Сороковник. Части 1-4
Высокий, как все здешние. Тонок в кости, но накачан: под курткой не только наплечники прощупывались, но и каменные мышцы. И как лихо он меня на коня закинул, одним движением, это вам не Лорина рука, хоть и крепкая, но всё-таки женская! Лицо у него интересное: скулы чуть приподняты, разрез глаз восточный, губы причудливого изгиба. И запах от него странный: освежающая нотка самшита, горечь осенней хризантемы… Эй, Ваня, что с тобой? Ты его боишься или им любуешься?
Сама не пойму. Просто хочу понять, чем я ему не угодила?
Нет, лучше выкинуть его из головы. Встречалась я с подобными людьми: с виду приятные, а в общении невозможны. И если по долгу службы приходилось с ними общаться — старалась сдерживаться и избегать конфликтов; но никаких контактов вне работы! Вот и сейчас: никто не заставляет меня с ним видеться, стало быть, и голову ломать не над чем. Мне Некромант ни к чему, вроде, а уж я ему — тем более.

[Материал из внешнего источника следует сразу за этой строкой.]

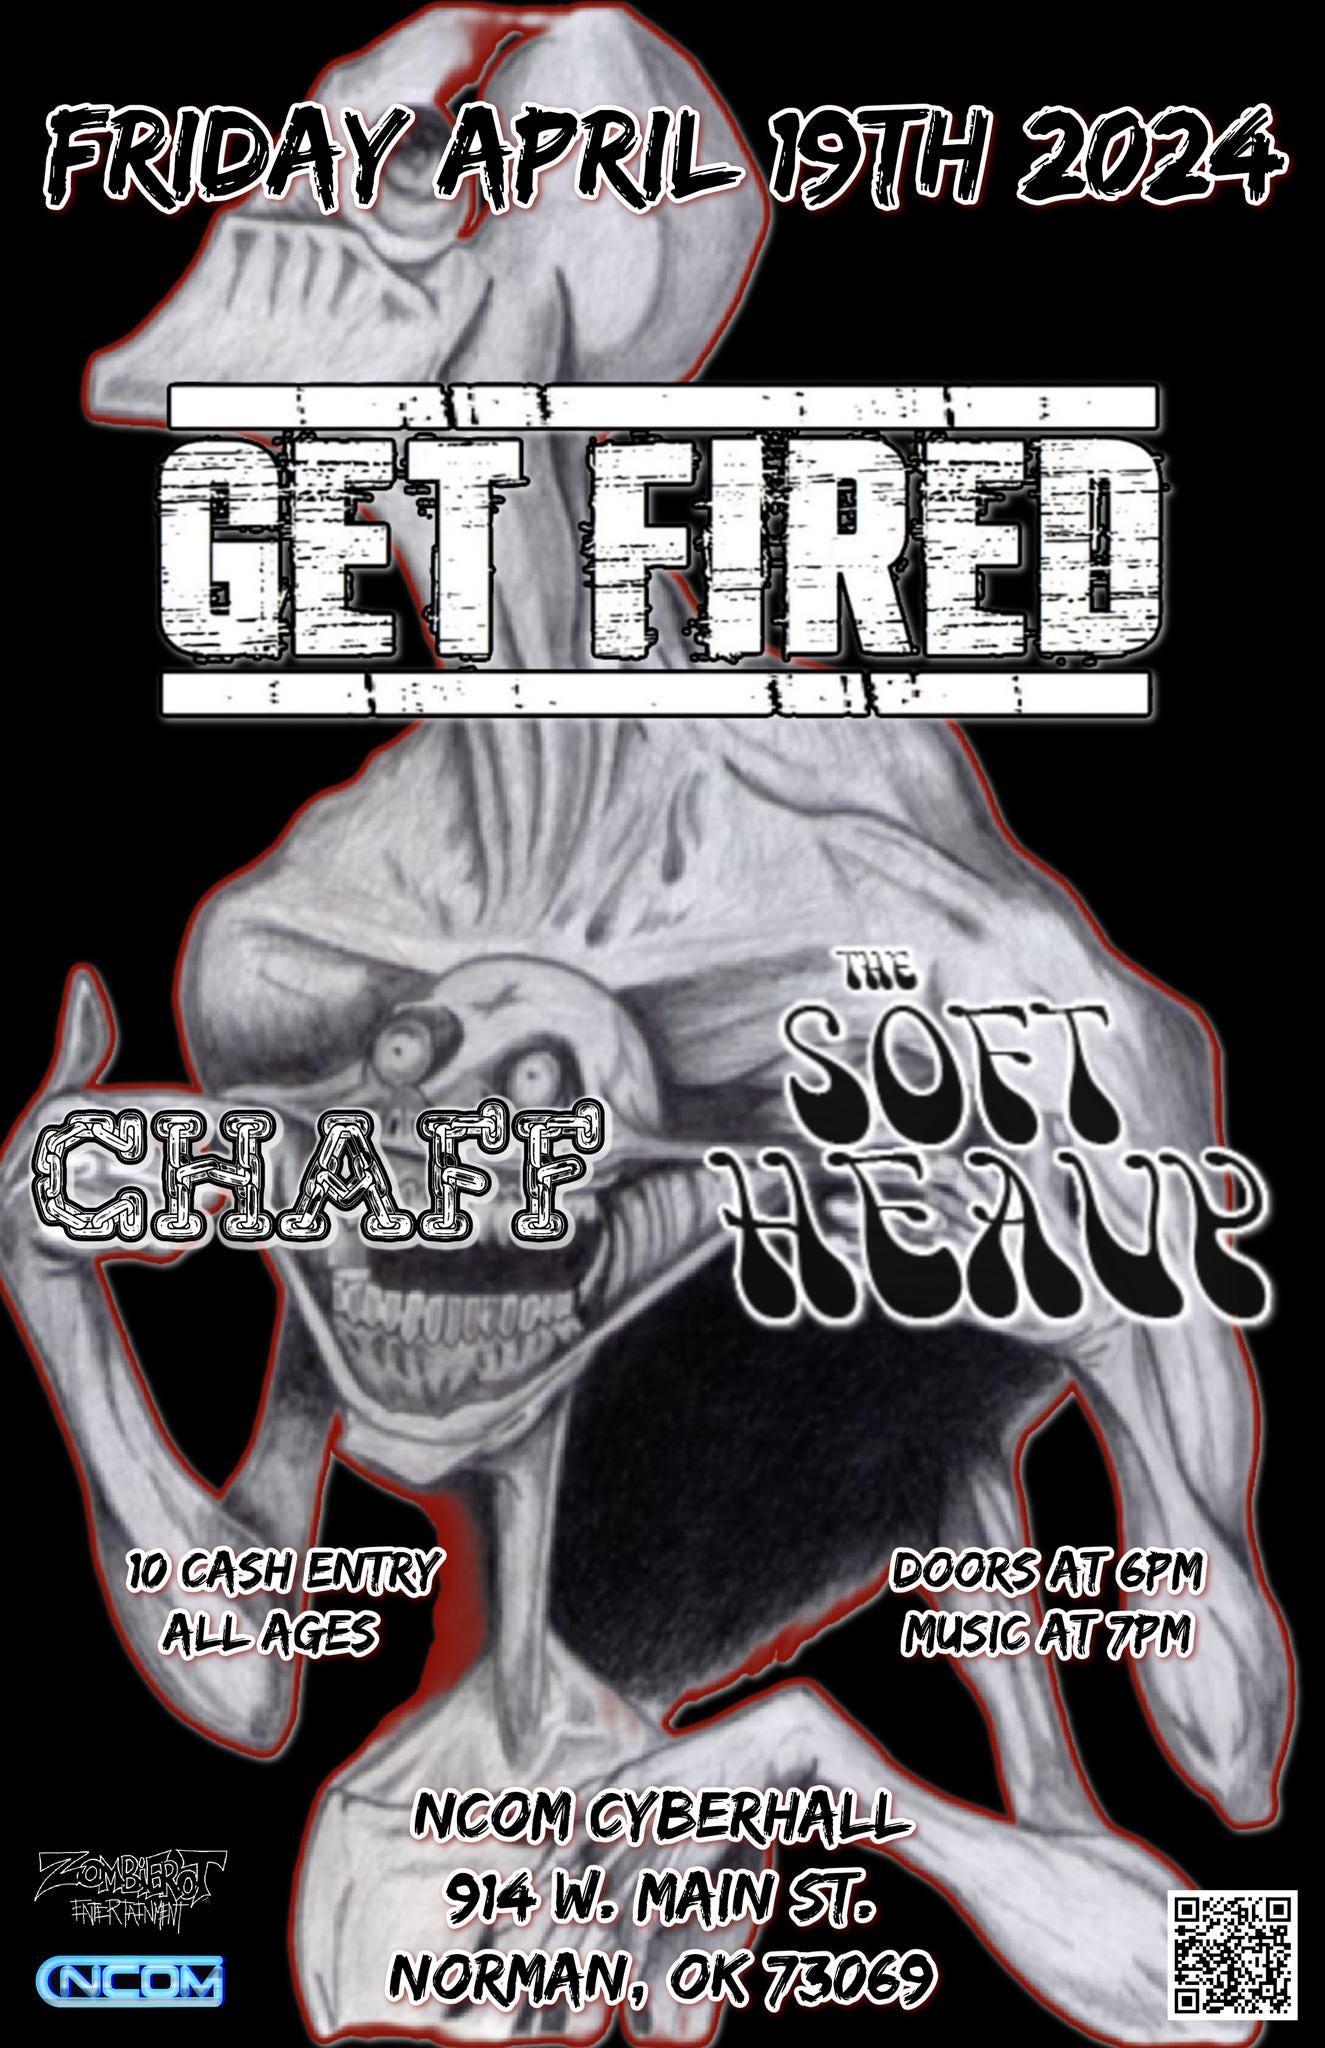 May be an image of ‎text that says '‎FRIDAY APRIL 19TH 2024 GLTFIRED FIRED CHAFF అత یUC THE SOFT ueav 10 CASH ENTRY ALLAGES AGES DOORS AT 6PM MUSIC AT 7PM NCOM NCOM CYBERHALL 914 W. MAIN ST. NORMAN, OK 73069‎'‎

Вот всё и выяснилось, с облегчением говорю себе. Но на всякий случай, пока луна ярко светит, заряжаю ещё один нож. Я уже умею это делать. И втыкаю первый, маленький, под входную притолоку, как и раньше, а другой — над дверью в светлицу.
Добравшись до укладки, вспоминаю, что так и не взяла себе одеяло. Вот незадача! Что же я сегодня такая тормозная? Прав был Наставник: переутомилась, и в разговоры не сразу въезжаю, и забываю, за чем пошла… Снова теребить Яна неохота. Одну ночь как-нибудь обойдусь — вон, курткой прикроюсь. Я взбиваю подушку, и, едва коснувшись её, вырубаюсь.
А просыпаюсь от тяжёлого взгляда.
Открываю глаза и пытаюсь вскочить. Но ещё раньше на шею мне ложатся холодные пальцы. Болезненно давят на несколько точек, и я тряпкой обмякаю, не в силах пошевелиться, только в ужасе смотрю на Магу.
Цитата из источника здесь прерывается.